The research team believes that consistently low iron levels could explain why individuals with long COVID continue to experience fatigue and difficulty exercising. As such, the researchers suggested iron supplementation to help regulate and prevent the often debilitating symptoms associated with long COVID.

It isn’t necessarily the case that individuals don’t have enough iron in their body, it’s just that it’s trapped in the wrong place,” Aimee Hanson, a postdoctoral researcher at the University of Cambridge who worked on the study, said in the press release. “What we need is a way to remobilize the iron and pull it back into the bloodstream, where it becomes more useful to the red blood cells.”

The research team pointed out that iron supplementation isn’t always straightforward. Achieving the right level of iron varies from person to person.
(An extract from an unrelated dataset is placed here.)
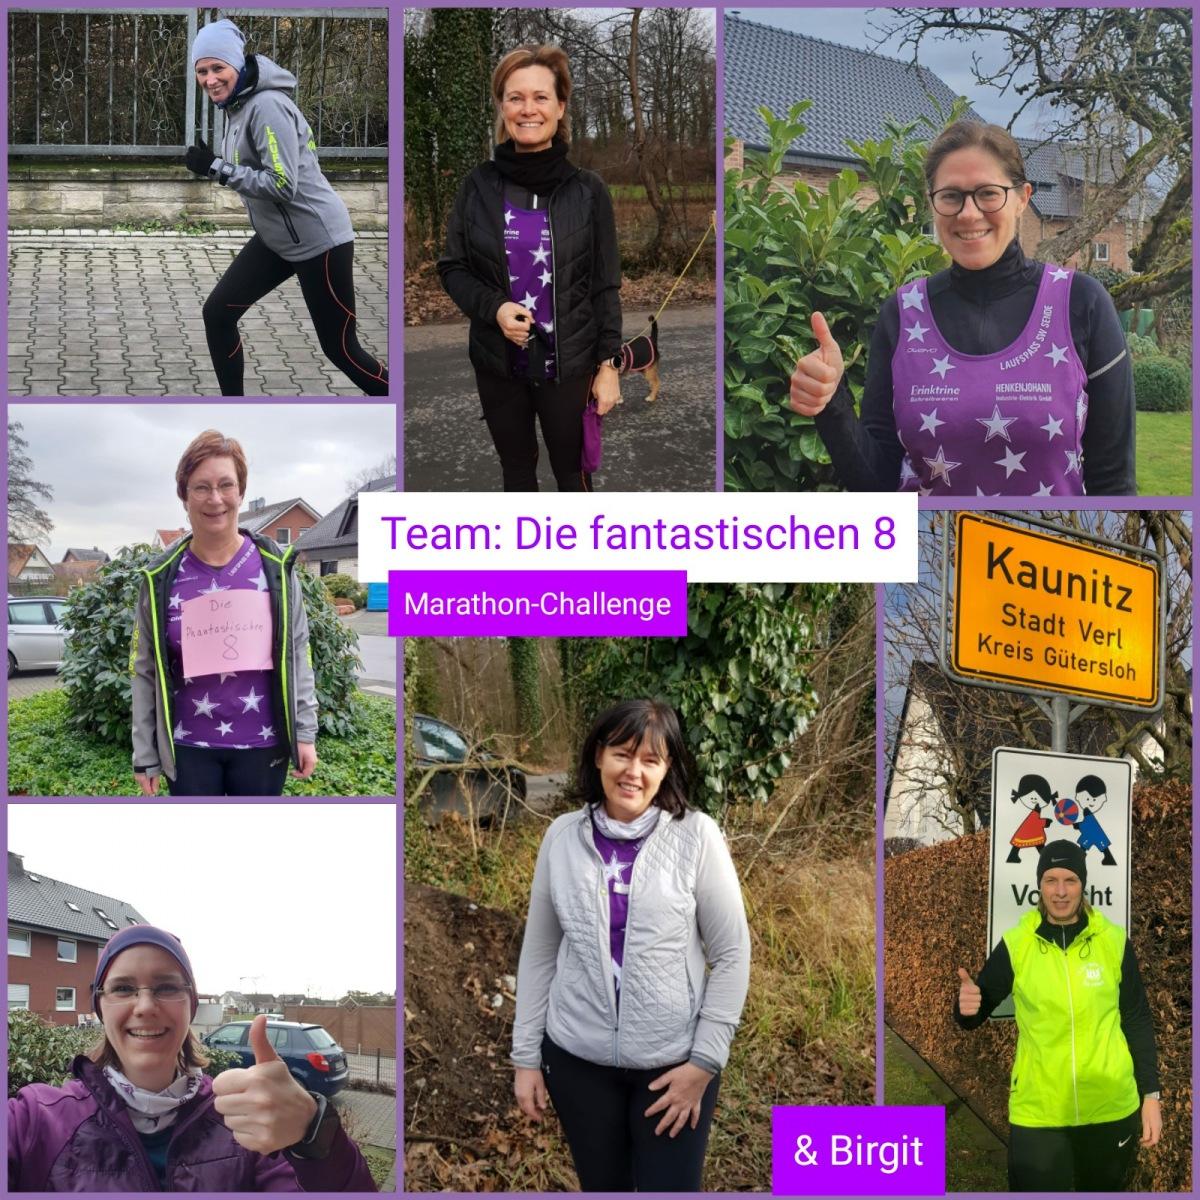 Backes-Heike-4-Challenge-Marathon-Team-bQzsE

Too much iron can cause stomach issues, ranging from constipation, nausea, and abdominal pain to gastritis and gastric lesions.

1 in 5 Still Affected by Long COVID

COVID-19 has affected nearly 40 percent of Americans, with one in five of those still suffering from symptoms of long COVID, according to the U.S. Centers for Disease Control and Prevention (CDC). Long COVID is marked by health issues that continue at least four weeks after an individual was initially diagnosed with COVID-19. Symptoms can last for days, weeks, months, or years and may include fatigue, cough or chest pain, headache, brain fog, depression or anxiety, digestive issues, and joint or muscle pain.